What Is Profit Provision and Why Does It Matter?

In the cryptocurrency market, especially for an asset like Bitcoin, understanding on-chain data is crucial for deeper analysis that goes beyond the market price.“Supply in Profit”orProvision of ProfitIn simple terms, this metric shows the percentage of total Bitcoins in circulation whose purchase price (the price paid when they were bought or mined) is below the current market price.

When the price of Bitcoin drops significantly, as observed in market corrections, a large part of the currencies that were "in profit" turns to be "in loss". Historically, when this metric drops to levels close to or below 50%, it signals a period where many holders are in a disadvantageous position.Phases of Accumulation, where assets change from hands of weak sellers to buyers with greater conviction.

Current data and historical parallels

As by sources like Cointelegraph, in February 2025, Bitcoin’s profit supply metric fell below the 50% threshold. This is a significant event that has not occurred since the early stages of the previous bull market cycle. The last time that this scenario set up, Bitcoin was coming out of a deep crypto winter and preparing for an expressive valuation.

The most cited historical parallel is that of 2019. After the crash of 2018, the supply in profit also plunged below 50%. Subsequently, Bitcoin began a process of recovery and accumulation that, over the following years, culminated in a monumental gain of approximately 655% compared to that bottom point. It is important to highlight that the current market is structurally different, with the presence of institutional ETFs and a much higher maturity, but thePsychological behavior of investorsAnd the cycles of supply and demand still follow observable patterns.

Accumulation phase: What does it mean in practice?

A phase of accumulation is characterized by a period of price consolidation, usually after a significant drop. During this time, the enthusiasm of the general public is low, negative headlines prevail, but investors with long-term vision and institutions begin to acquire the asset constantly, believing in its future value.

On-Chain Signals of Institutional Accumulation

The movement of large players corroborates the thesis of a phase of accumulation.Twenty One CapitalThe company, associated with the well-known Bitcoin advocate Jack Mallers, became the second largest public holder of BTC, with a corporate treasury of 43,514 bitcoins. This move occurred after the sale of part of the Digital Marathon stock (MARA), showing a significant relocation of capital within the ecosystem.

This accumulation by publicly listed companies ("public companies") is a relatively new and powerful phenomenon.Net supply reduction mechanismBy removing large amounts of Bitcoin from the circulating market and keeping them in their treasuries, they create an artificial shortages effect that can positively impact the price in the long run.

The Wider Context: Market and Regulation

To fully understand the moment, it is necessary to observe other market movements. The recent performance of XRP ETFs, for example, offers an interesting counterpoint. After a strong start with billionaires, these products recorded their first monthly net outflow, as by CryptoSlate.Selectivity and Volatility of Capital FlowsIn the crypto asset sector, where capital can quickly migrate between different assets and products based on market sentiment and regulatory prospects.

Meanwhile, the Bitcoin ecosystem continues to gain legitimacy. The confirmation of figures such as Simon Gerovich, CEO of a major financial institution linked to the Tokyo Stock Exchange, as speaker at theBitcoin Conference 2026, reinforces the ongoing penetration of Bitcoin ideas into traditional global finance.

Analysis of Brazilian Investors

For the Brazilian investor, this data serves as a valuable tool of context, never as a signal of buying or selling. The Brazilian market has its own dynamics, including exposure through local ETFs and direct trading on exchanges. Understanding that the global market may be entering a phase historically associated with long-term accumulation helps calibrate expectations.

This is a favorable time forEducation and due diligenceInstead of pursuing quick gains, investors can use periods of lower market euphoria to study the technology, understand the risks (such as volatility and regulatory aspects) and, if aligned with their risk profile and financial goals, consider consistent investment strategies, such as the use of financial resources.dollar-cost averagingand DCA.
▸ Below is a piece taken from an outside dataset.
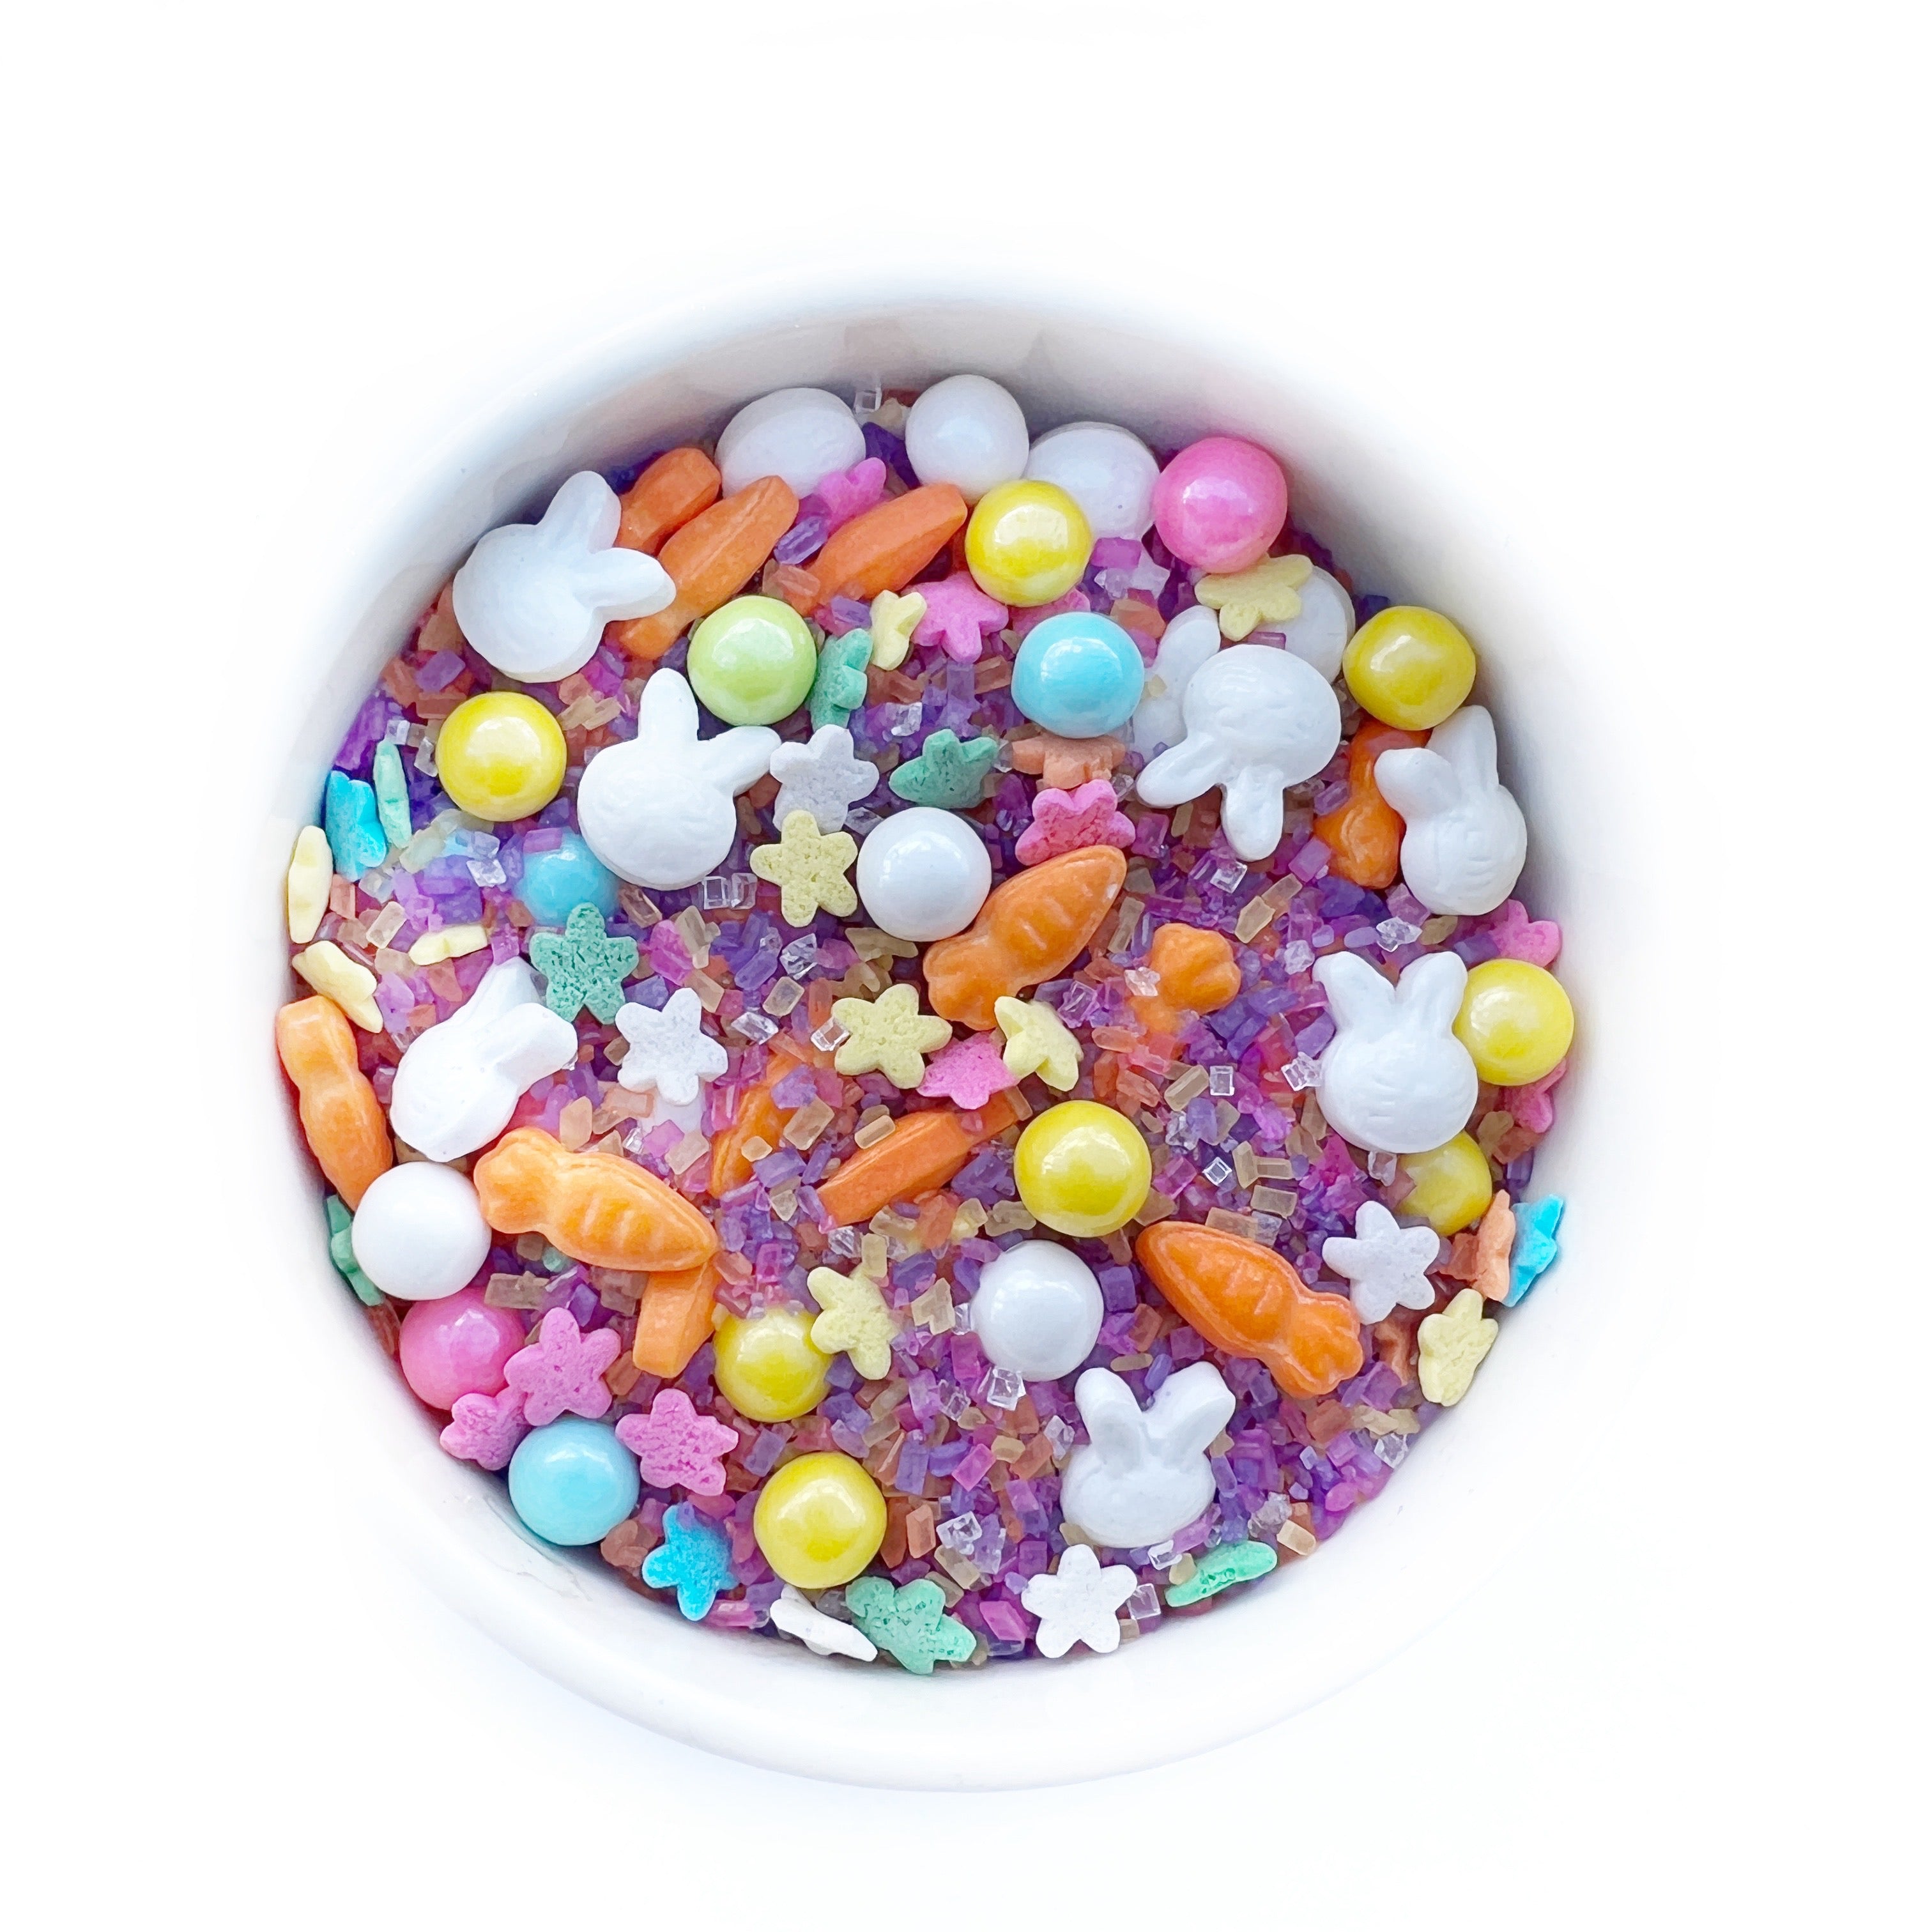 Spring Sprix, Seasonal Sprinkle Mix for Easter and St. Patrick's Day-Chocolate Bars-Eclipse Chocolate
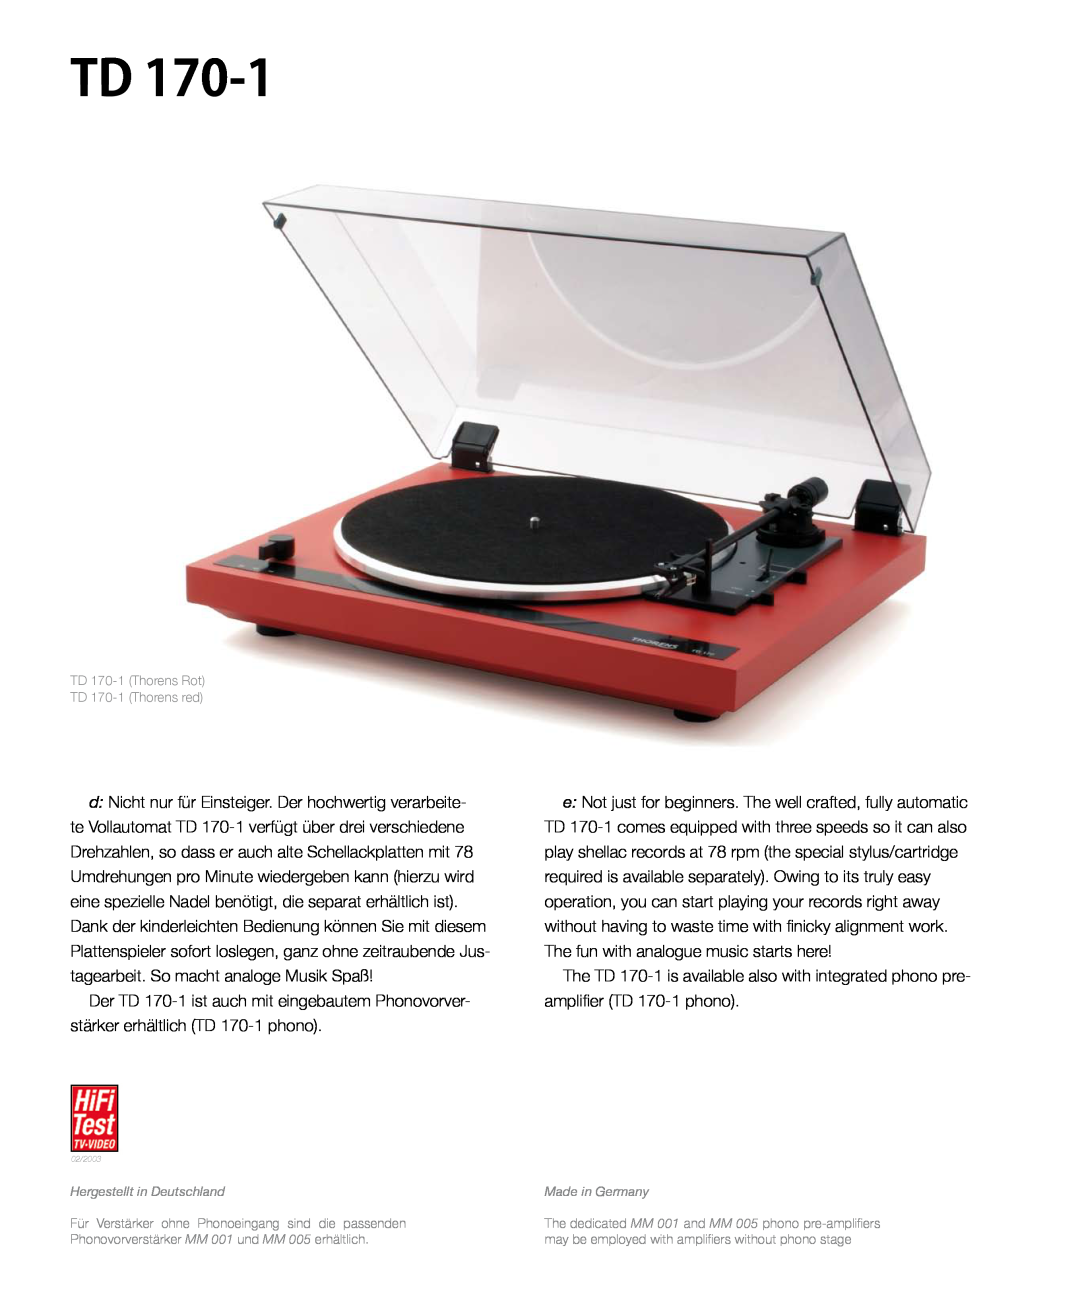 THORENS MM001 manual The fun with analogue music starts here

Main Risks and Considerations

1. History does not guarantee the future.Past patterns may not be repeated in the same way. The market is influenced by new factors such as global macroeconomy, monetary policy and technological developments.
2. The extreme volatility:Even in accumulation phases, Bitcoin can show very sharp price fluctuations over short periods of time.
3. TheRegulation:The regulatory scenario in Brazil and the world continues to evolve and can impact the market.